What the task asks
Print every line below exactly as written, but leave the pictures behind.

Provided material
= = = = = = =
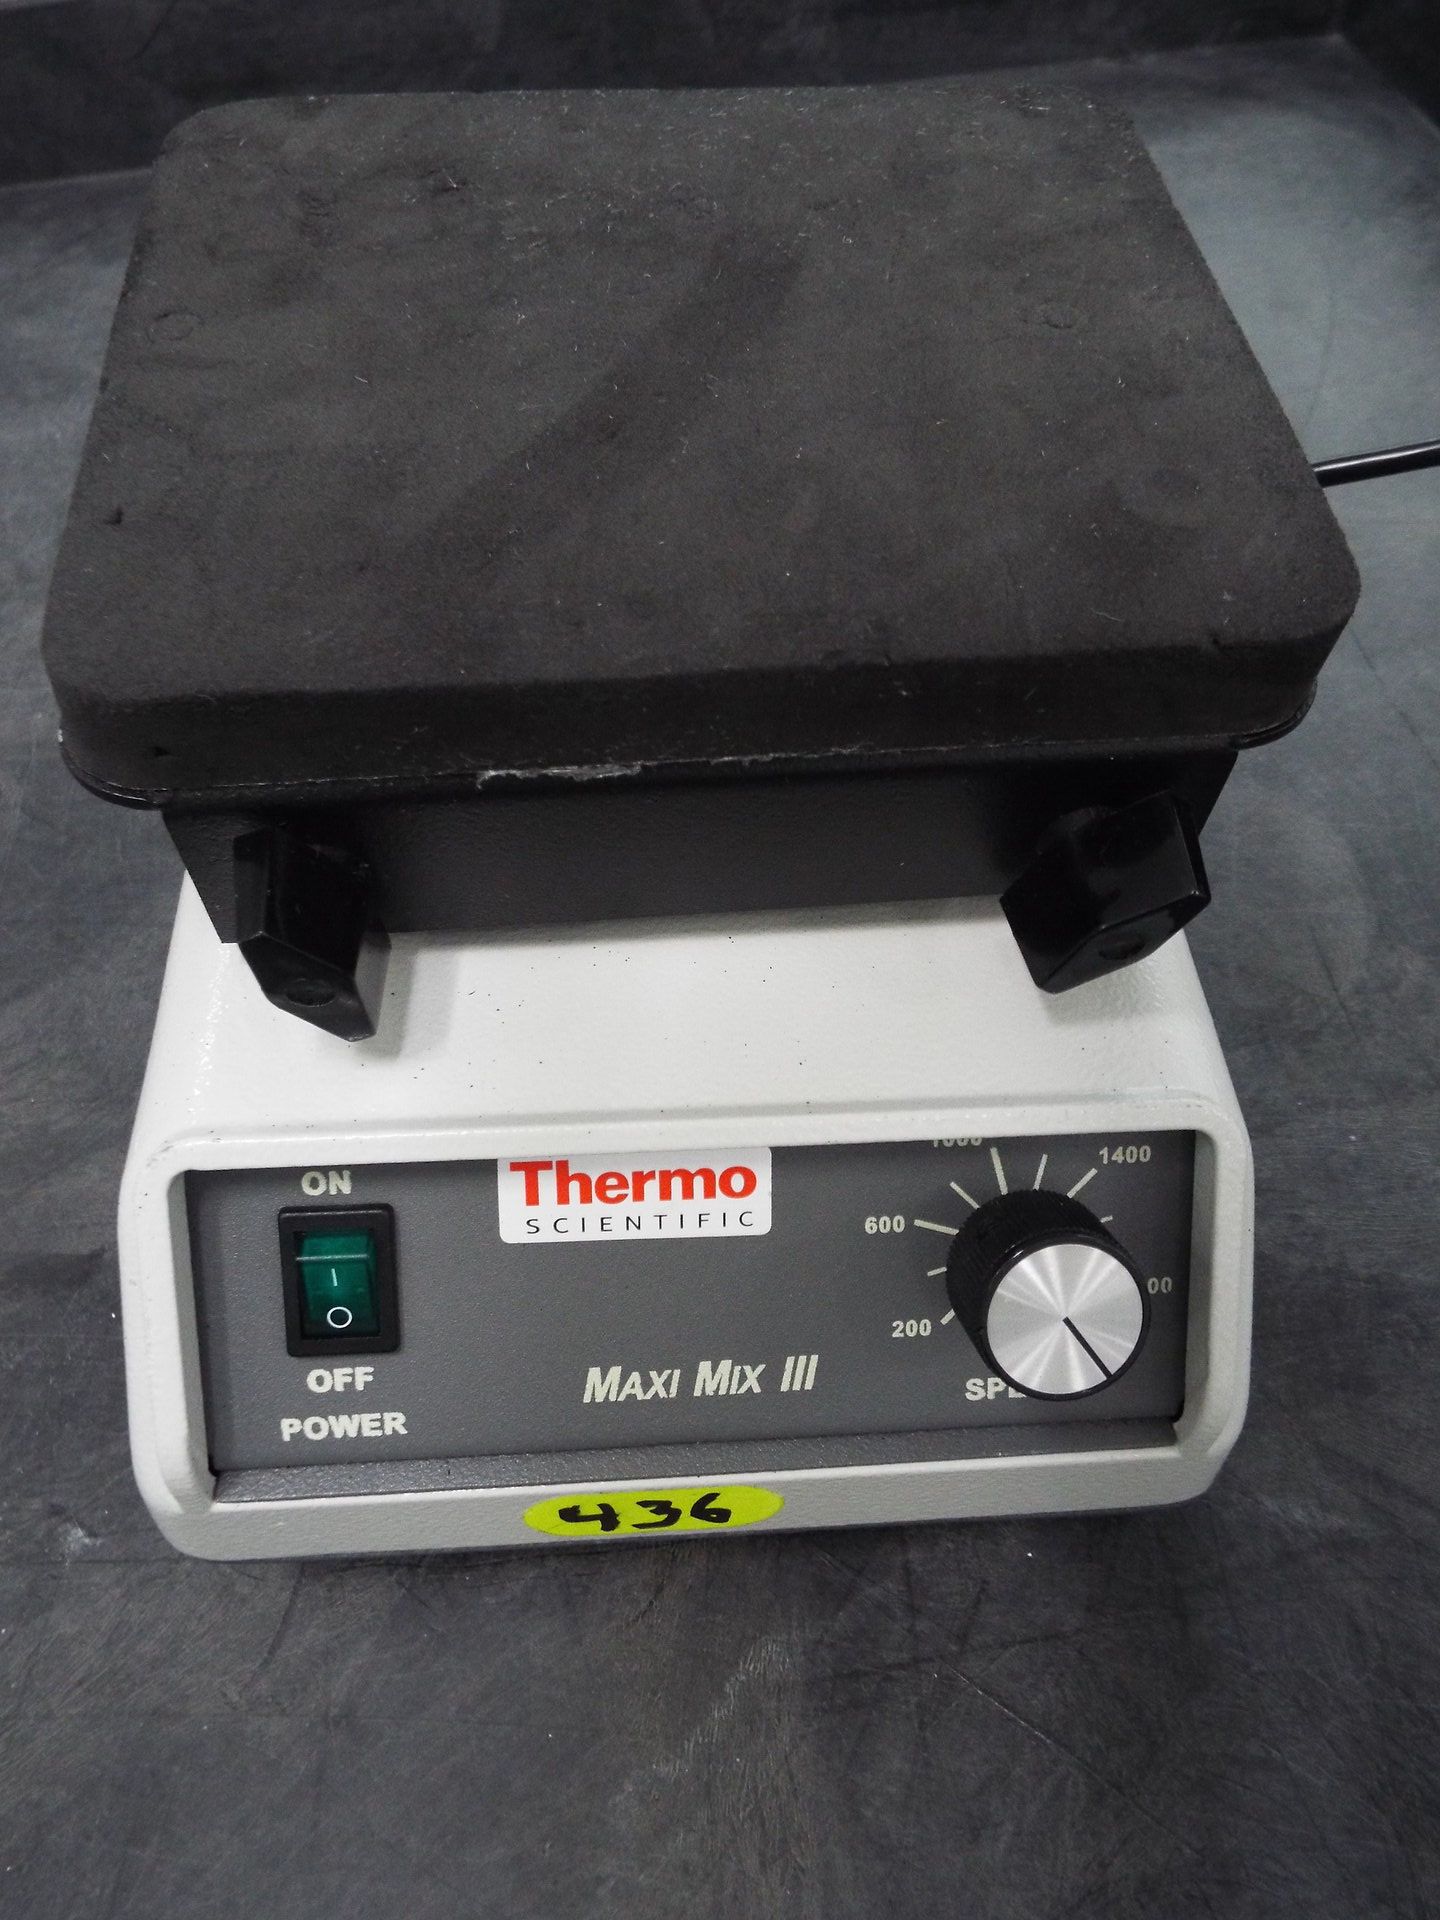 Thermo scientific MACI MIX III M65825 hot plate stirrer
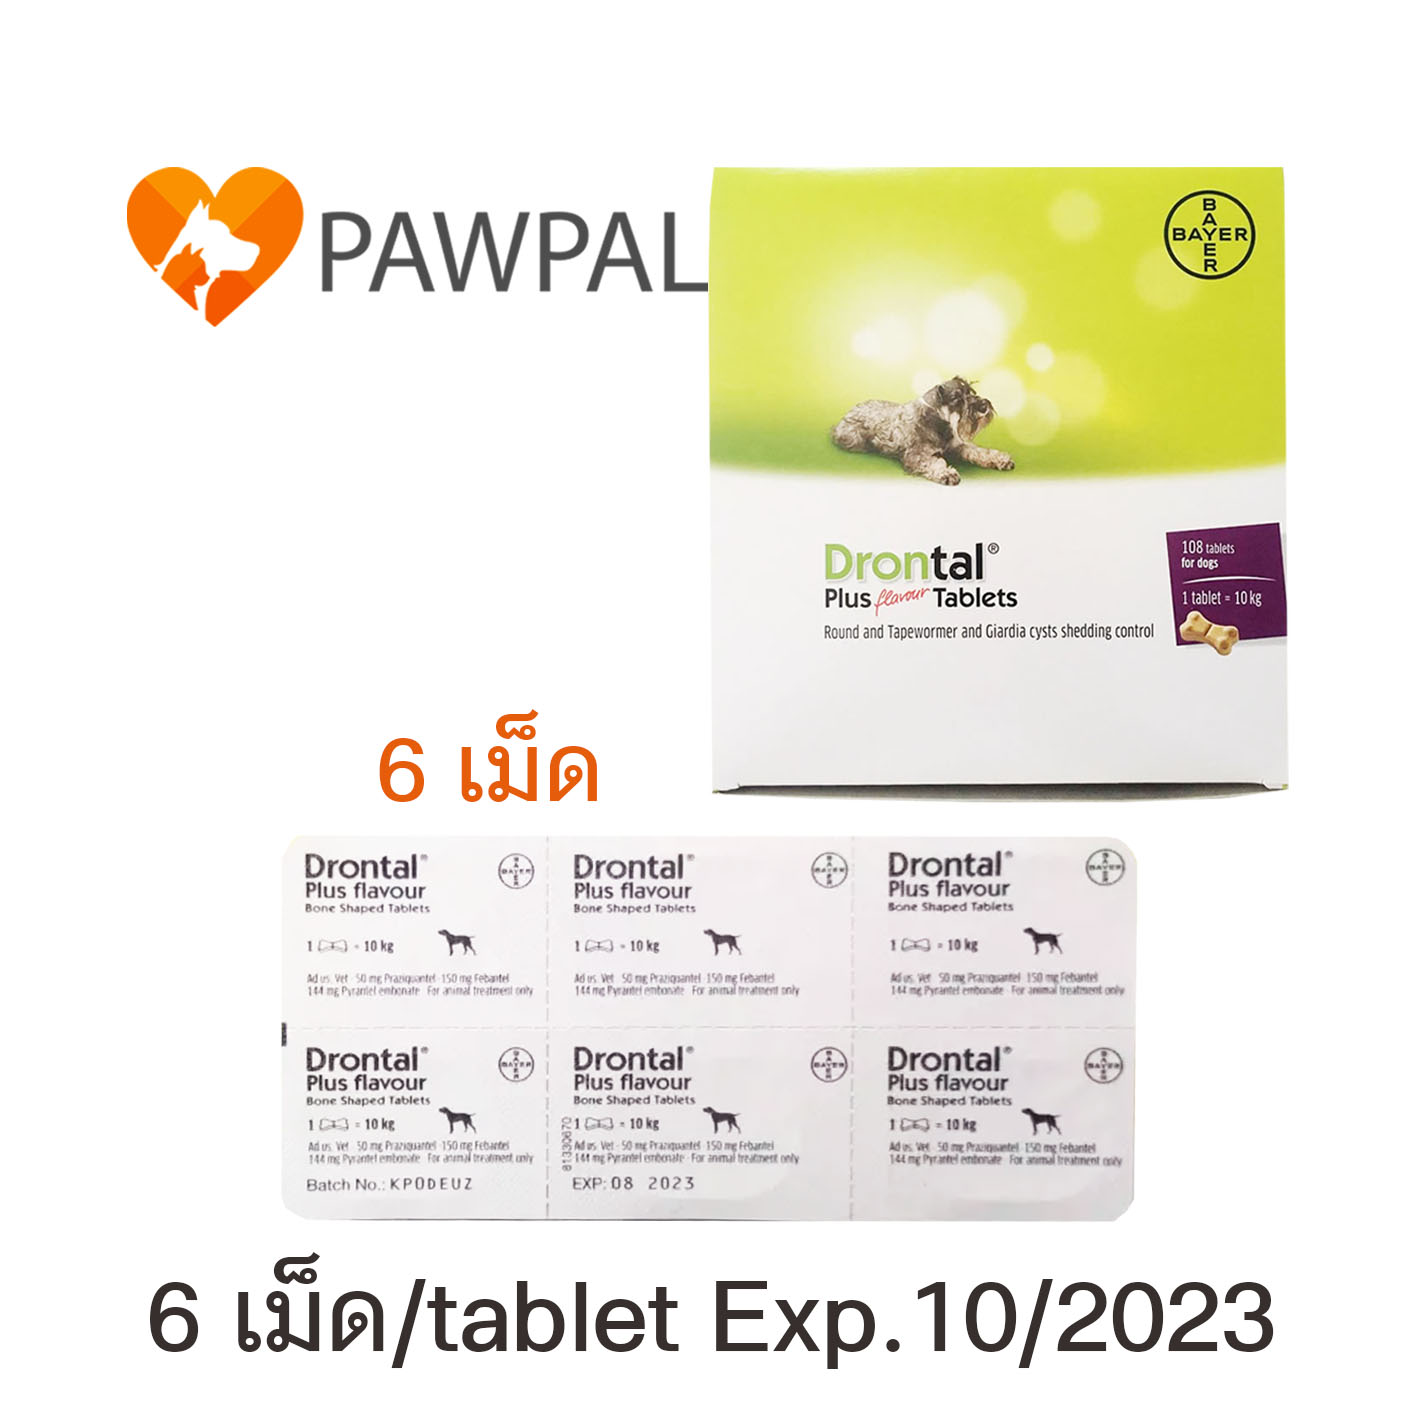 Drontal Plus Bayer ดรอนทัล พลัส Exp.10/2023 สำหรับ สุนัข รสเนื้อ รูปกระดูก tablet for dog (6 เม็ด/tablets)
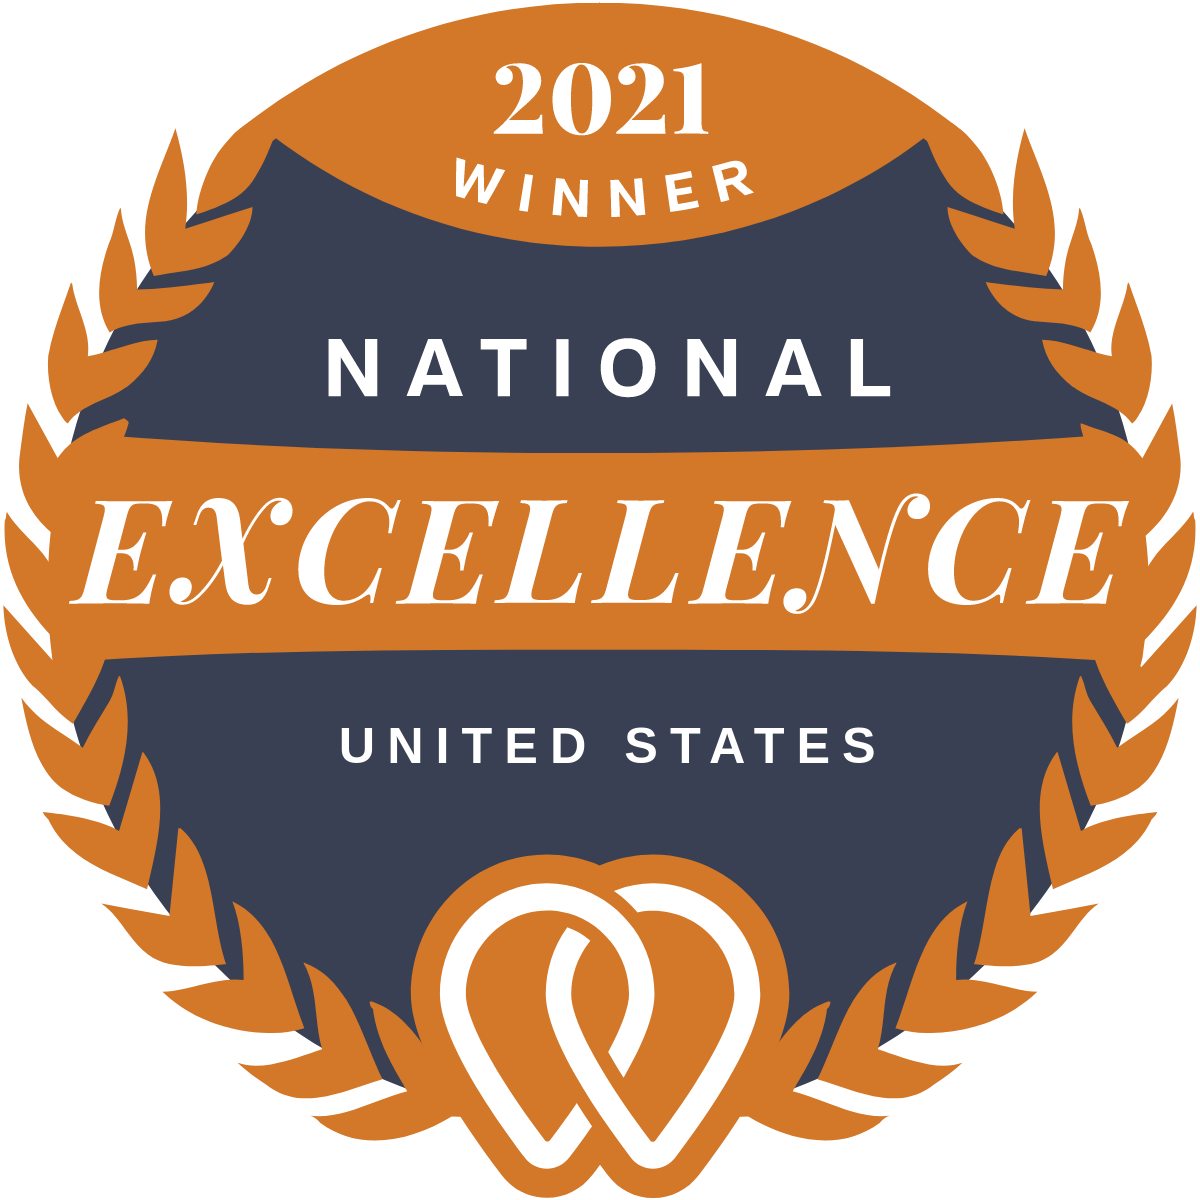 Upcity National Excellence award - C7 Creative Jacksonville, Florida
= = = = = = =
Expected output
 Thermo scientific MACI MIX III M65825 hot plate stirrer
 Drontal Plus Bayer ดรอนทัล พลัส Exp.10/2023 สำหรับ สุนัข รสเนื้อ รูปกระดูก tablet for dog (6 เม็ด/tablets)
 Upcity National Excellence award - C7 Creative Jacksonville, Florida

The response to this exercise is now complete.